B) Graph-aware recall

memory_search uses the same retrieval path as pipeline recalls: graph traversal as primary channel, FTS5 as gap-fill, post-fusion dampening (DP-16). The expand parameter defaults to true. Constraint memories surface regardless of score rank (cross-cutting invariant).

C) Agent-scoped operations

MCP tool handlers resolve agent_id from session context via the session tracker and pass it to daemon API calls as x-signet-agent-id header. All queries filter by agent_id and visibility.

D) Structured memory types with taxonomy validation

The type parameter validates against the entity taxonomy: person, project, system, tool, concept, skill, task, unknown. Invalid types return 400 with valid options. Default is unknown.

E) Scorer signal emission

Store events produce write-source features (skill vs pipeline vs manual). Recall events produce retrieval-outcome features (hit/miss, rank, feedback). These signals feed into scorer training pairs.

4) Non-goals

  • No new MCP tool definitions (existing memory_store and memory_search are refreshed).
  • No changes to the extraction pipeline (this is about explicit user-initiated operations).
  • No skill YAML format changes.
  • No dashboard UI changes for skills.

5) Integration contracts

Skill Parity <-> Procedural Memory

  • Skills stored as graph entities (per procedural-memory-plan) can be recalled via memory_search with type filter skill.
  • Usage tracking on skill entities increments when a skill-typed memory is stored or recalled.
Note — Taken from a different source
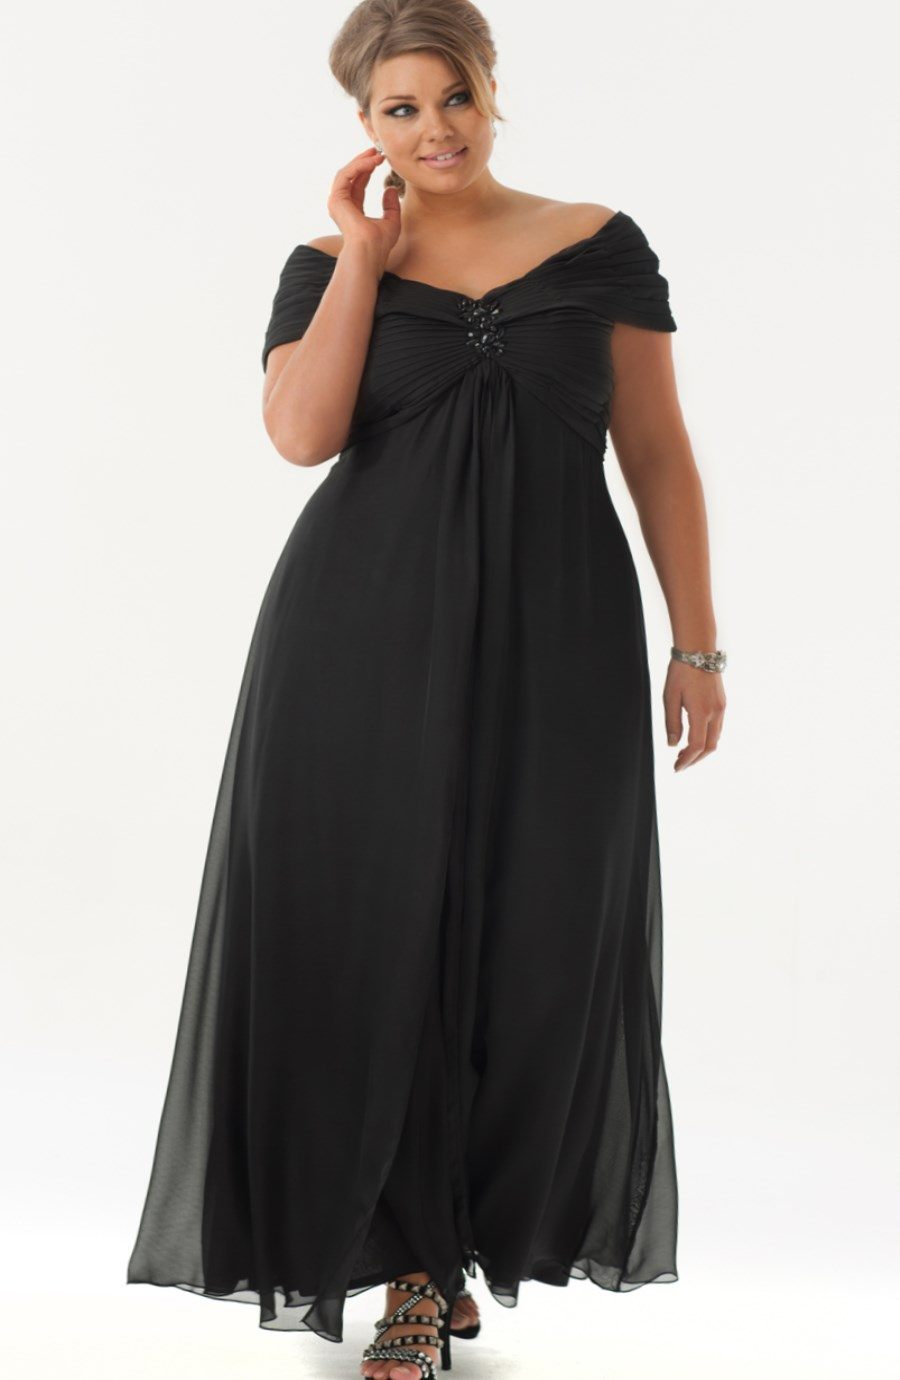 plus size elegant evening dresses photo - 1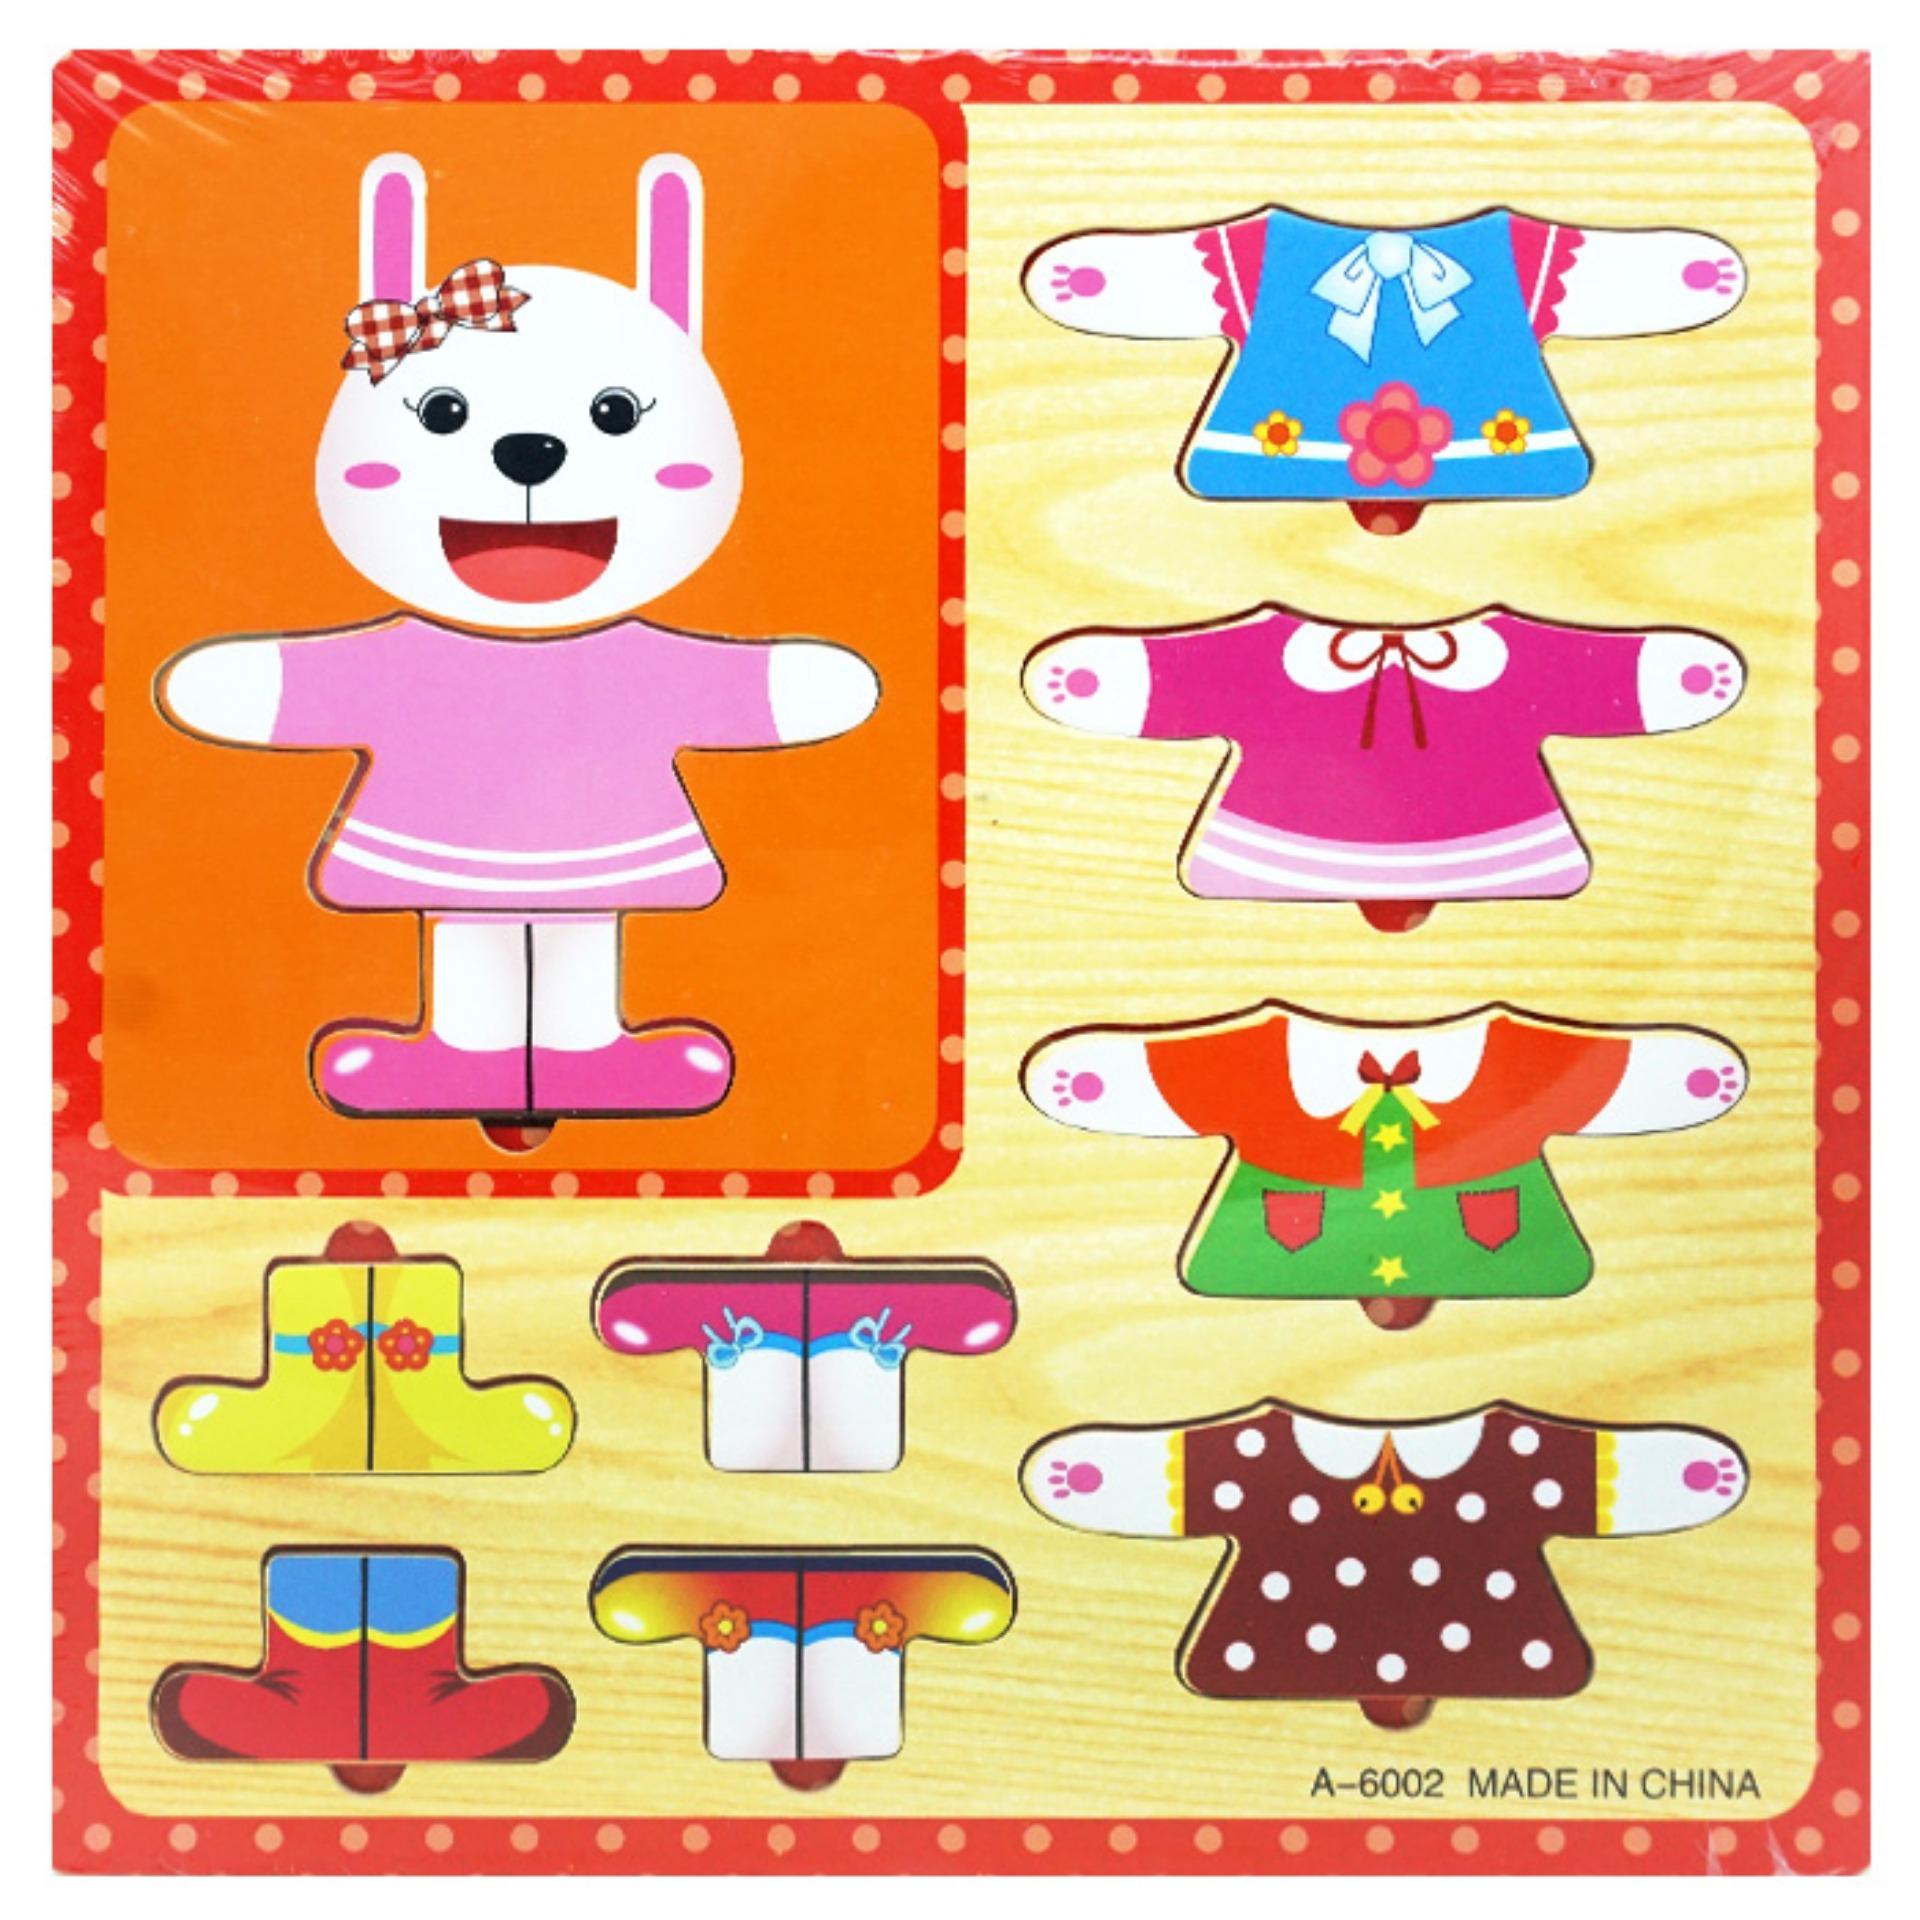 ... TSH Mainan Edukasi Puzzle Hewan Cewe Ganti Baju 3D Jigsaw kayu Multi Colour

Skill Parity <-> Predictive Scorer

  • New write-source and retrieval-outcome signals become scorer features.
  • Scorer must handle the new feature dimensions gracefully (cold start uses default weights until training pairs accumulate).

Skill Parity <-> Multi-Agent Support

  • Agent_id is mandatory on all skill-originated daemon API calls.
  • Visibility rules (isolated/shared/group) apply identically to skill-originated and pipeline-originated memories.

6) Rollout phases

Phase 1 (agent scoping + type validation)

  • Thread agent_id through MCP tool handlers to daemon API.
  • Add taxonomy validation on memory_store type parameter.
  • No behavior change for recall (still embedding-primary).

Phase 2 (graph integration)

  • Enable inline entity linking on /api/memory/remember.
  • Switch memory_search to graph-traversal-primary recall path.
  • Default expand to true on the MCP tool.

Phase 3 (scorer integration)

  • Emit write-source and retrieval-outcome signals from skill operations.
  • Validate scorer training pairs include skill-originated data.

7) Validation and tests

  • Memory stored via memory_store produces entity mentions in memory_entity_mentions.
  • Recall via memory_search returns graph-traversal results when entities are present.
  • Agent_id is present on every daemon API call from skill handlers.
  • Invalid memory type returns 400 with valid options listed.
  • Constraint memories surface in recall results regardless of score.
  • Multi-agent isolation: agent A’s skill-stored memory is not visible to isolated agent B.

8) Success metrics

  • Skill-stored memories participate in graph traversal (non-zero entity mention count).
  • Recall quality from skills matches pipeline-originated recall quality on LoCoMo suite.
  • Zero agent_id scoping violations in multi-agent deployments.
  • No breaking changes for existing memory_store/memory_search callers.

9) Open decisions

  1. Whether entity linking on remember should be synchronous (blocking) or queued via the pipeline job system.
  2. Whether to add a confidence parameter to memory_store for user-specified certainty levels.
  3. Whether recall should support explicit graph traversal depth as a parameter or keep it internal.